Thank you, Mr. Sidhu, but this is the first week we've been back in Parliament since Keystone XL was cancelled and this is an important issue for the country, whether you like it or not. The witnesses can wait while we go through this matter, with all due respect. Please, let's continue.
I heard the parliamentary secretary in the House of Commons yesterday talking about this matter, Line 5 being one aspect, and he actually said the opposition raised this issue irresponsibly, that this is something we as the opposition shouldn't deal with in the House of Commons. We raised this matter six times before the government even acknowledged that Line 5 was an issue that they had to deal with. This is the job of opposition—to hold the government to account on the issues that affect our country, the issues that affect our constituents, yet again I see from the parliamentary secretary's words that he doesn't think we should be involved in it. Well, I strongly differ with the parliamentary secretary in that respect.
As a matter of fact, last night I watched Richard Madan on CTV News. He was in the White House asking the same question, and the concerns were raised from the response in the White House that yes, this is something they're looking at. We need to get our team down there and make sure the case is made that this long-standing important infrastructure piece across this country needs to be maintained no matter what. This is something that does not seem to be at the forefront of this government's agenda. It is not irresponsible for the opposition to raise it, and if it's irresponsible for us to raise it, well, God forbid that Richard Madan and CTV News raise it in the White House. Good thing we're on top of it here on one side of Parliament. We'd like to make sure the government side of Parliament actually gets on top of this issue as well, because right now, as with all these issues, it seems to be ignoring it as if these issues don't matter or will just go away. This isn't going away.
This is our most important trade. We make $100 billion a year in our balance of trade with our oil export alone. That's significant value added. For a country that runs a $30-billion plus deficit in the balance of trade, $100 billion is a wallop, and it's the biggest wallop in our budget. When you look at the actual revenue we derive, we've derived almost $600 billion in government revenue in Canada over the last 20 years. That's real cash at the end of the day. Think about where our deficits are now. Think about how we're going to come out of this pandemic, and think about how we're going to address greenhouse gas reduction without this industry, because without this industry, we're capped. This industry reduces more than any other industry out there.

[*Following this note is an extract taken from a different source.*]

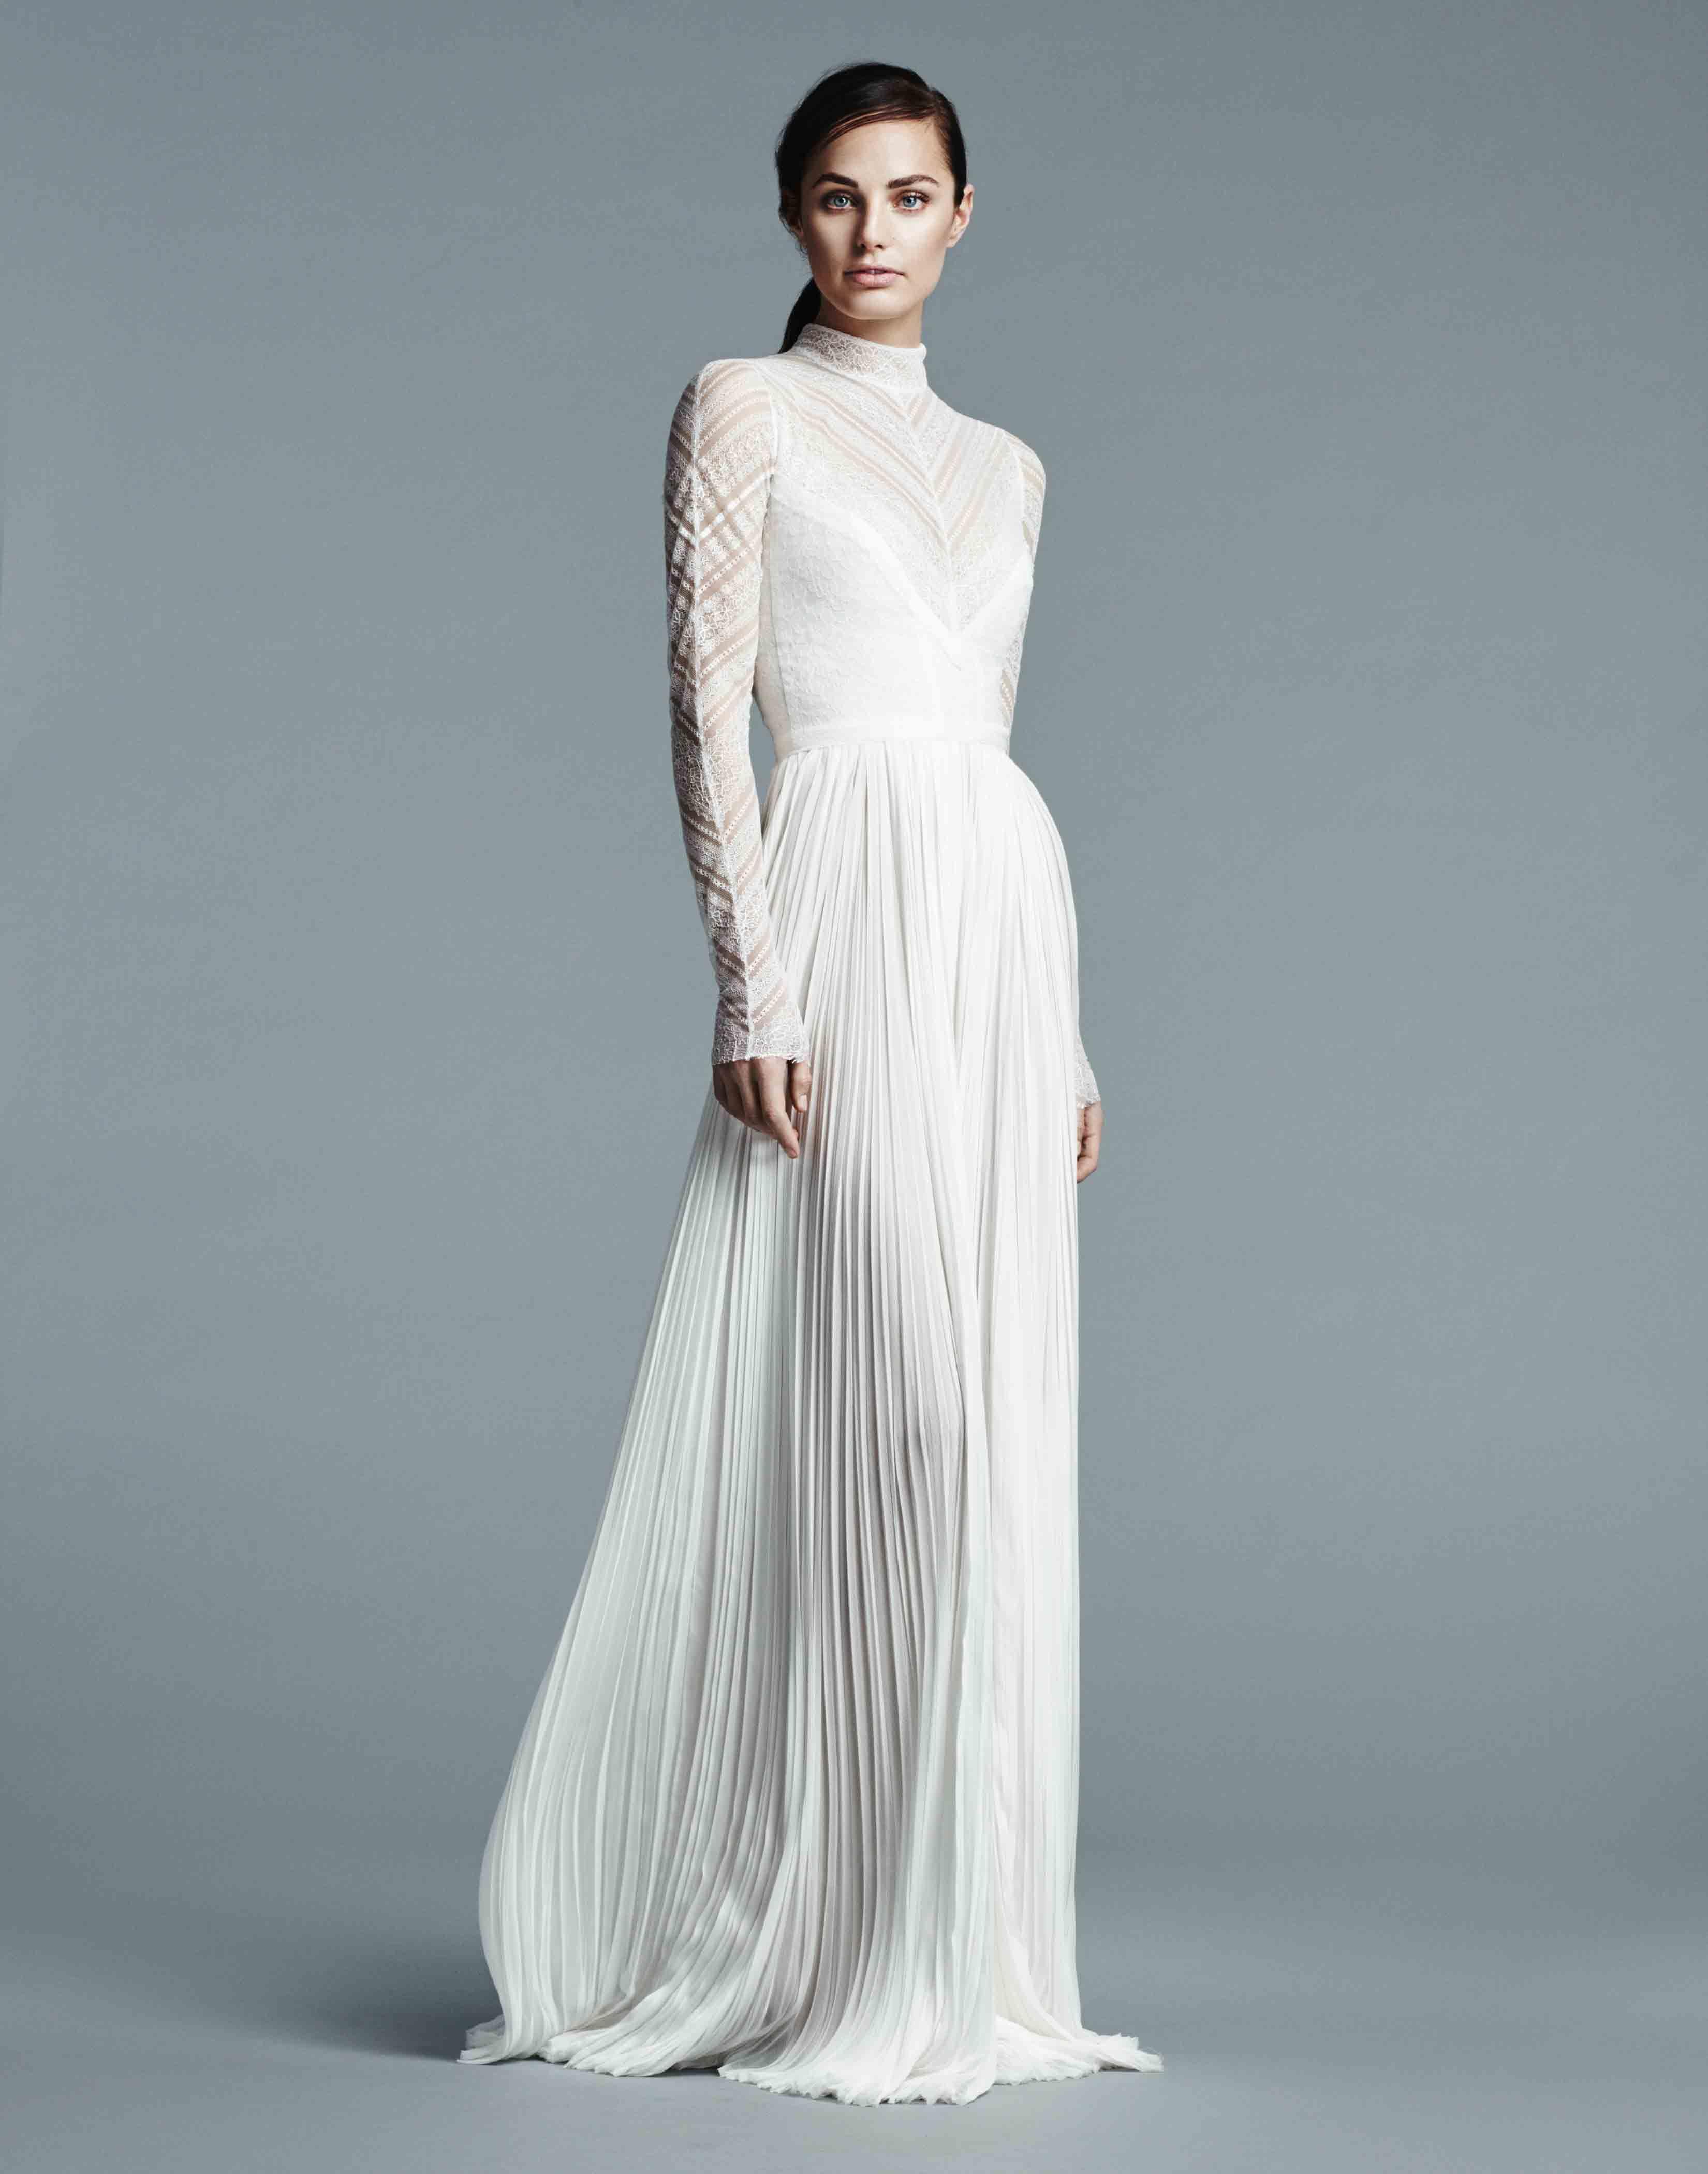 23 Winter Wedding Dresses that WOW | Wedding dress, Weddings and Wedding

My friends on this committee, I want you to take a good look at this and try to move it forward in the government's mandate here so we're actually paying attention to this issue. It matters very much. Think about that, and think about the failures that have happened over the last five years. Think about Keystone XL if you want to go back a week. Think about Teck's Frontier project. Think about the northern gateway project and the energy east project. Think about TMX and why the government had to step in to buy it because we as a country screwed up a regulatory regime that got a private company to build a pipeline to get our product to market. That is all failure.
Let's look at Line 5. Let's look at Line 3, which is on the table now. Let's get a plan together so we stop failing. The government needs to start caring that they're failing on every file in the energy sector, and they need to start caring about the jobs that we're losing. They need to start caring about the economic outcome and they need to start caring about how we come out of this pandemic at the end of the day.
I've said a lot here, Mr. Chair. The motion's on the table, and I thank you for your time.